◆ Assignment: Make an exact transcript of the lines in the data below, starting with the one containing "Сменная мембрана для ВЧ динамика 34,4 мм" and going on through the one containing "family-3400033_1920.jpg", with both included and the pictures left out.

◆ Provided records:
-=-=-
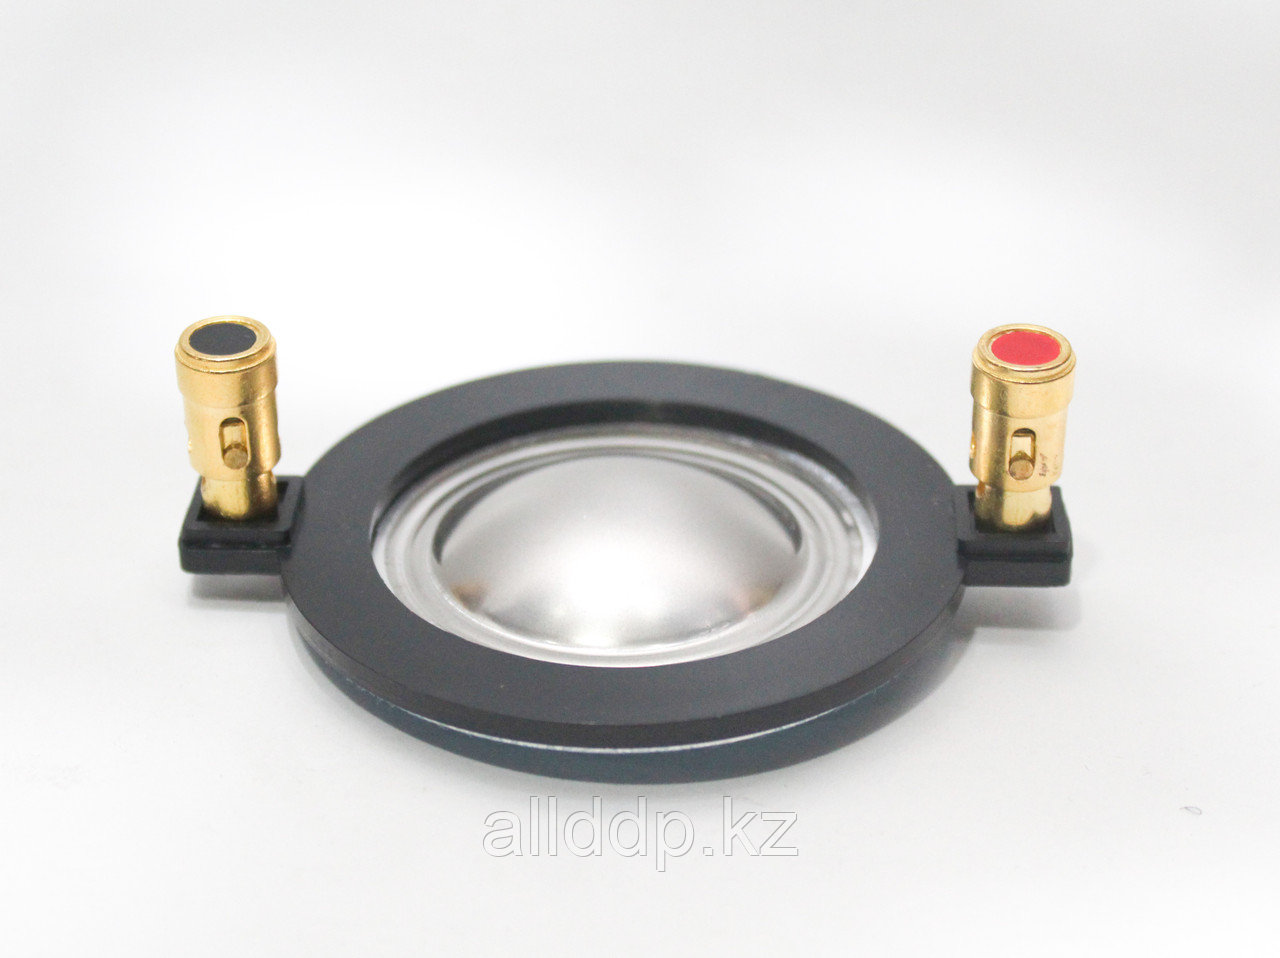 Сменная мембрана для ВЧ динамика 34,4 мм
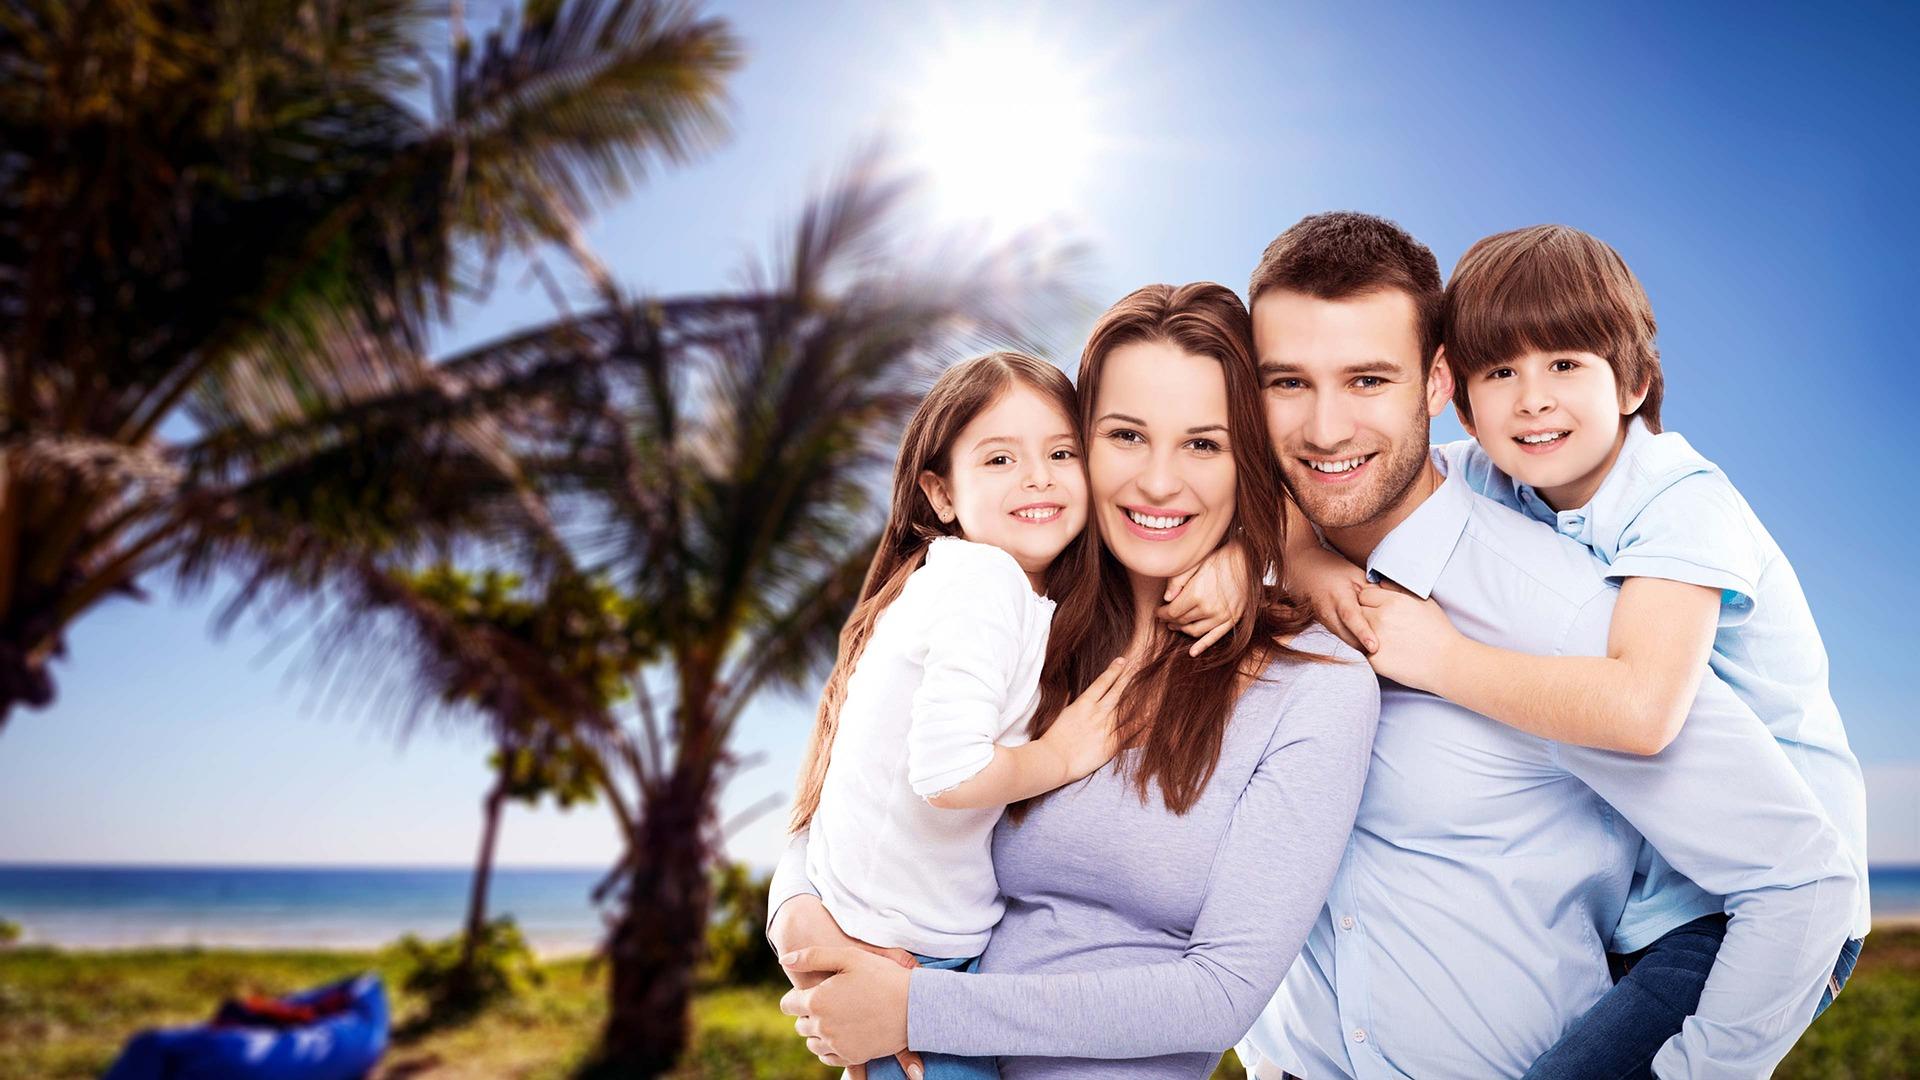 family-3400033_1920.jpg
-=-=-
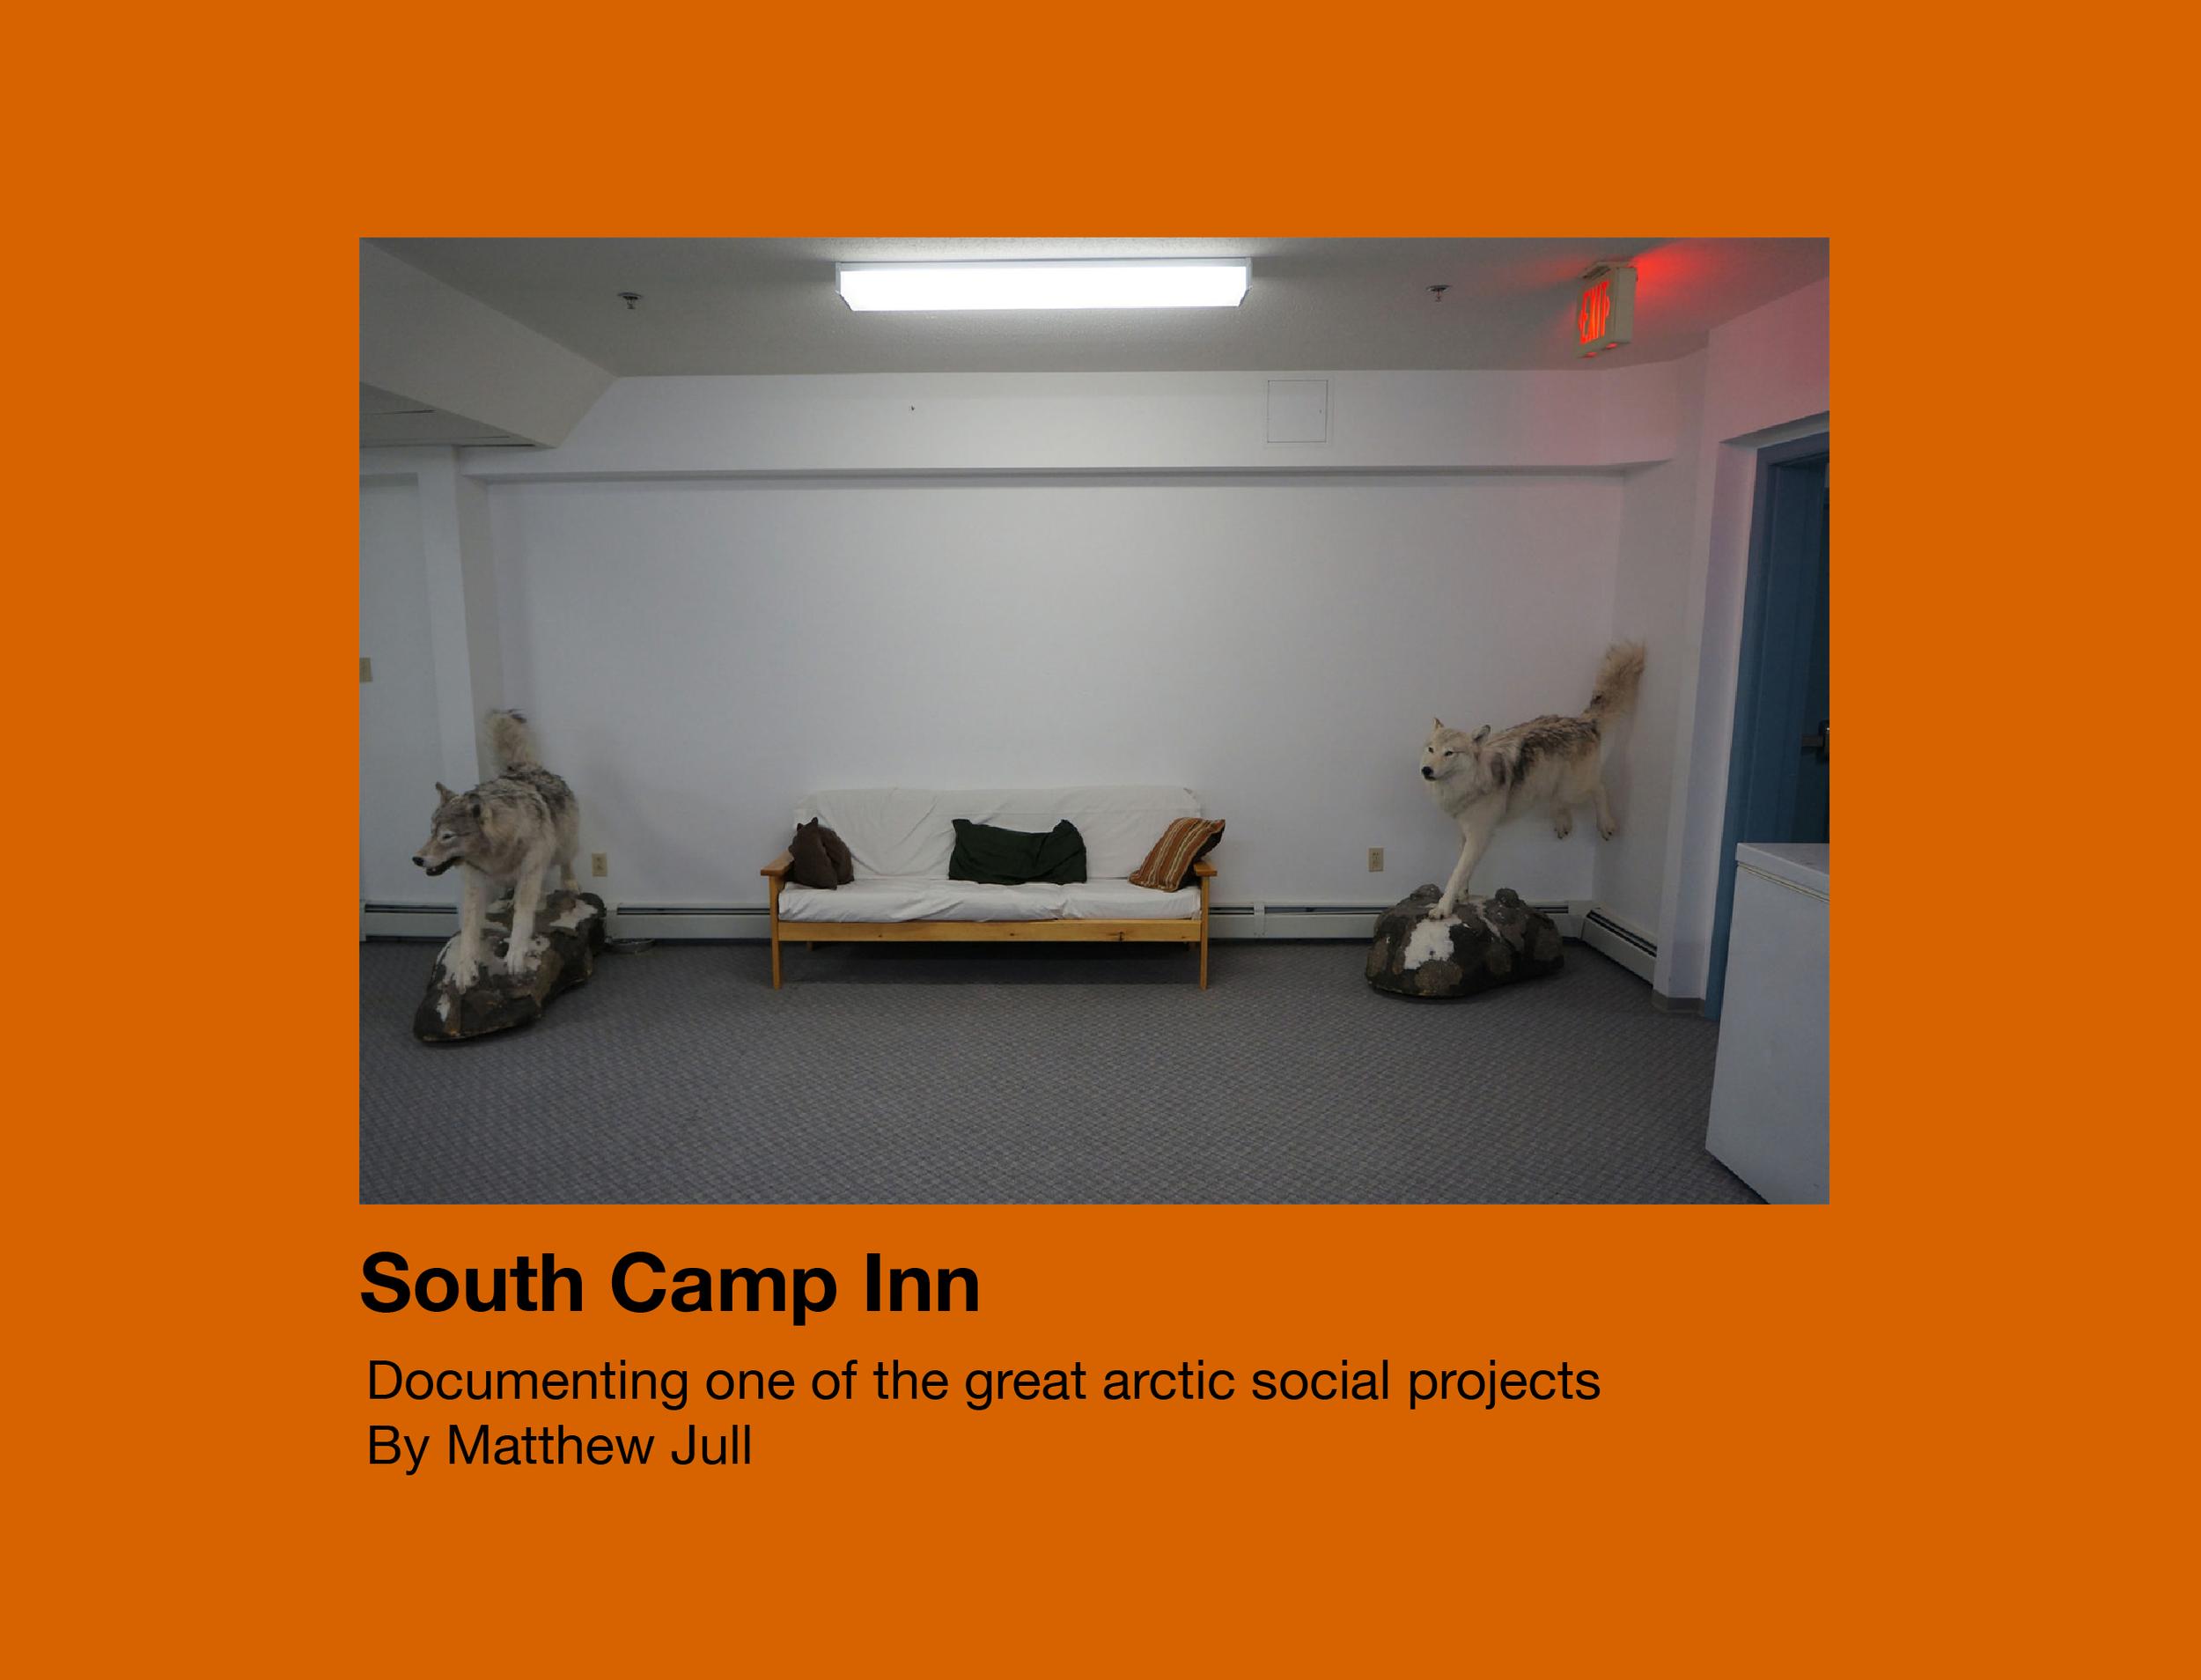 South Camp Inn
-=-=-
◆ Answer section:
 Сменная мембрана для ВЧ динамика 34,4 мм
 family-3400033_1920.jpg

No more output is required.